Westchase I Associates L.P. v. Lincoln National Life Insurance Co. (In Re Westchase I Associates L.P.)

126 B.R. 692, 1991 U.S. Dist. LEXIS 5995, 1991 WL 70059
CourtDistrict Court, W.D. North Carolina
DecidedJanuary 15, 1991
DocketC-C-90-0107-MU, C-C-90-0093-MU
StatusPublished
Cited by5 cases

This text of 126 B.R. 692 (Westchase I Associates L.P. v. Lincoln National Life Insurance Co. (In Re Westchase I Associates L.P.)) is published on Counsel Stack Legal Research, covering District Court, W.D. North Carolina primary law. Counsel Stack provides free access to over 12 million legal documents including statutes, case law, regulations, and constitutions.

Bluebook
Westchase I Associates L.P. v. Lincoln National Life Insurance Co. (In Re Westchase I Associates L.P.), 126 B.R. 692, 1991 U.S. Dist. LEXIS 5995, 1991 WL 70059 (W.D.N.C. 1991).

Opinion

MULLEN, District Judge.

This matter is before the court on appeal from a final order of the bankruptcy court in the bankruptcy of Westchase I Associates, L.P. Both the debtor Westchase and Lincoln National Life Insurance Company, a secured creditor, have filed appeals.
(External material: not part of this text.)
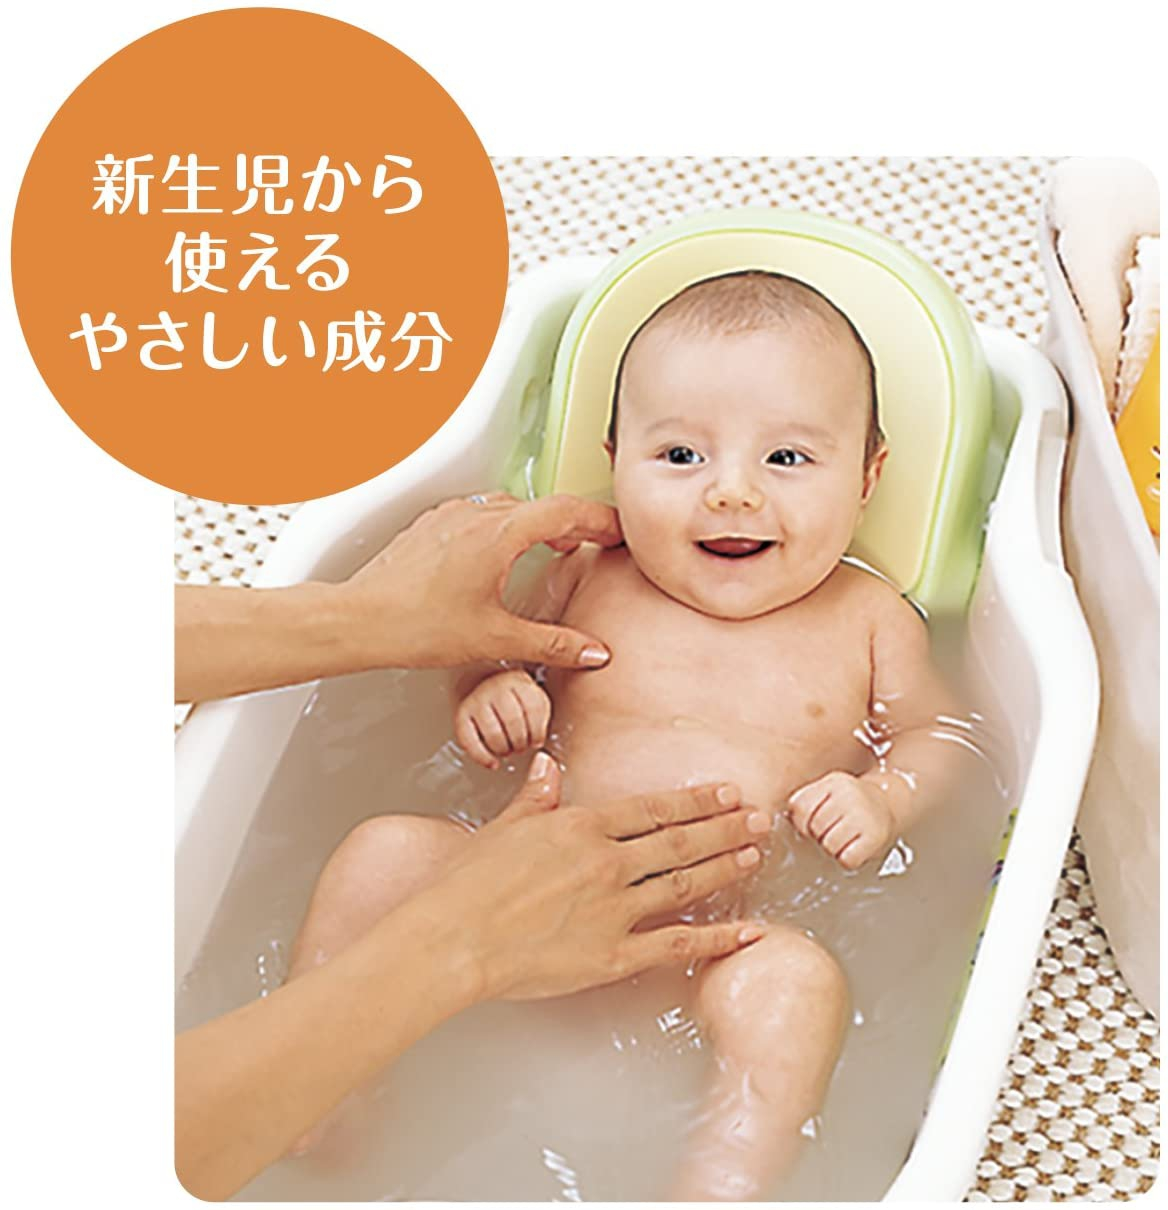 MADONNA(マドンナ)ベビーバーユマドンナ沐浴剤の商品画像4
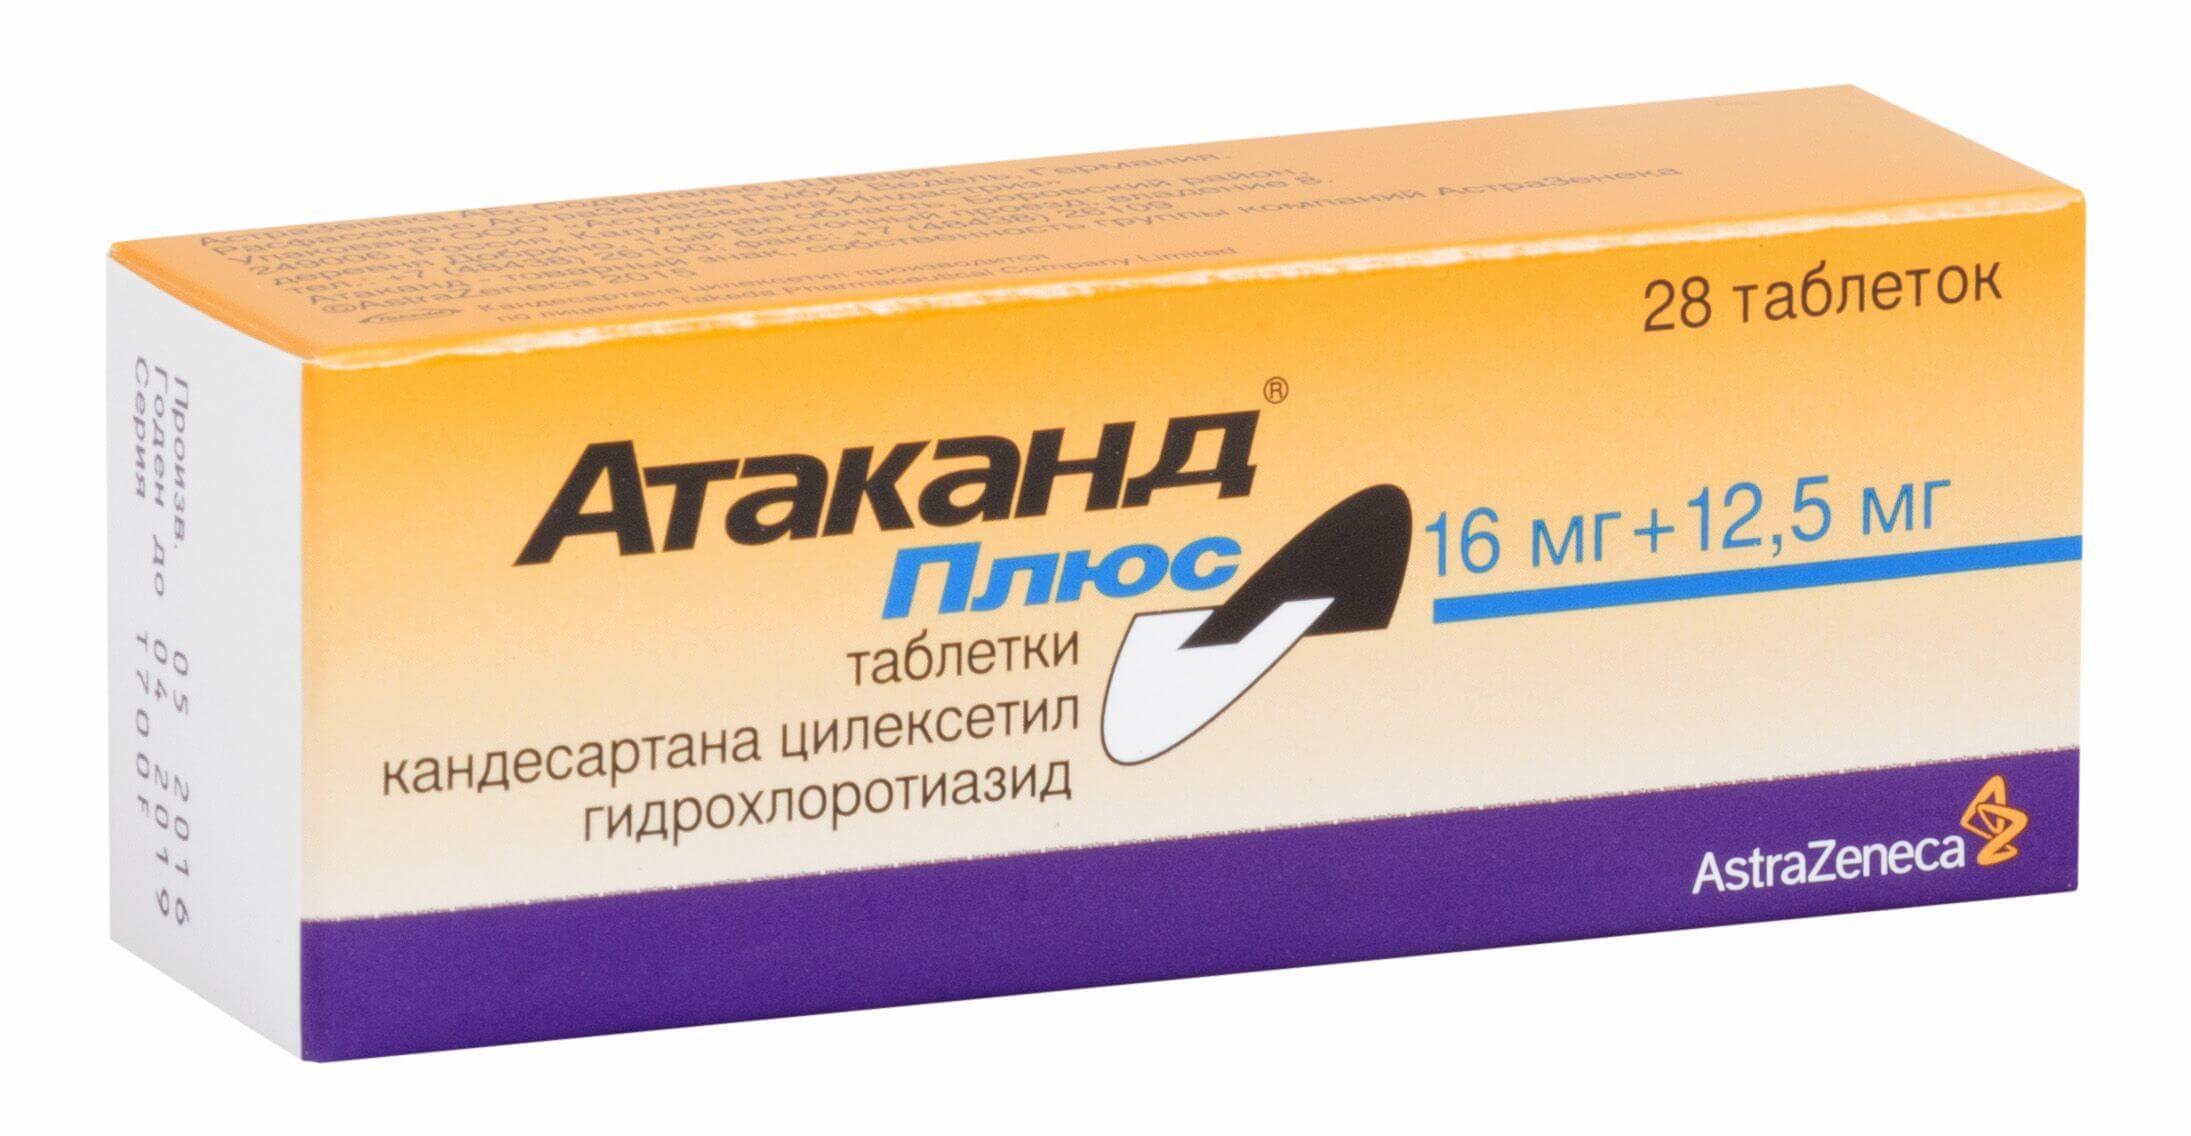 Атаканд плюс: инструкция по применению таблеток

Lincoln appeals the ruling of the bankruptcy court involving the distribution of rents from a building development which is the principal asset of the bankrupt estate, and Westchase appeals the requirement of monthly interest payments for the protection of Lincoln’s “equity cushion” in that building.

I. FACTUAL HISTORY

The pertinent business relationship between the parties began in 1986 when Westchase acquired title to the building subject to previously existing security agreements and collateral loan documents in favor of Lincoln which secured a loan in the original principal amount of $10.2 million. Among these documents was an “assignment of rents” by which Westchase assigned rents due from the building’s tenants to Lincoln. The assignment allowed Westchase to collect these rents until (and unless) it defaulted on the primary mortgage. Before Lincoln would have been able to collect the rents, Westchase would have to become delinquent in its payments, Lincoln would have to provide Westchase notice of the default, and a 10 day grace period during which Westchase could cure the default would have to expire.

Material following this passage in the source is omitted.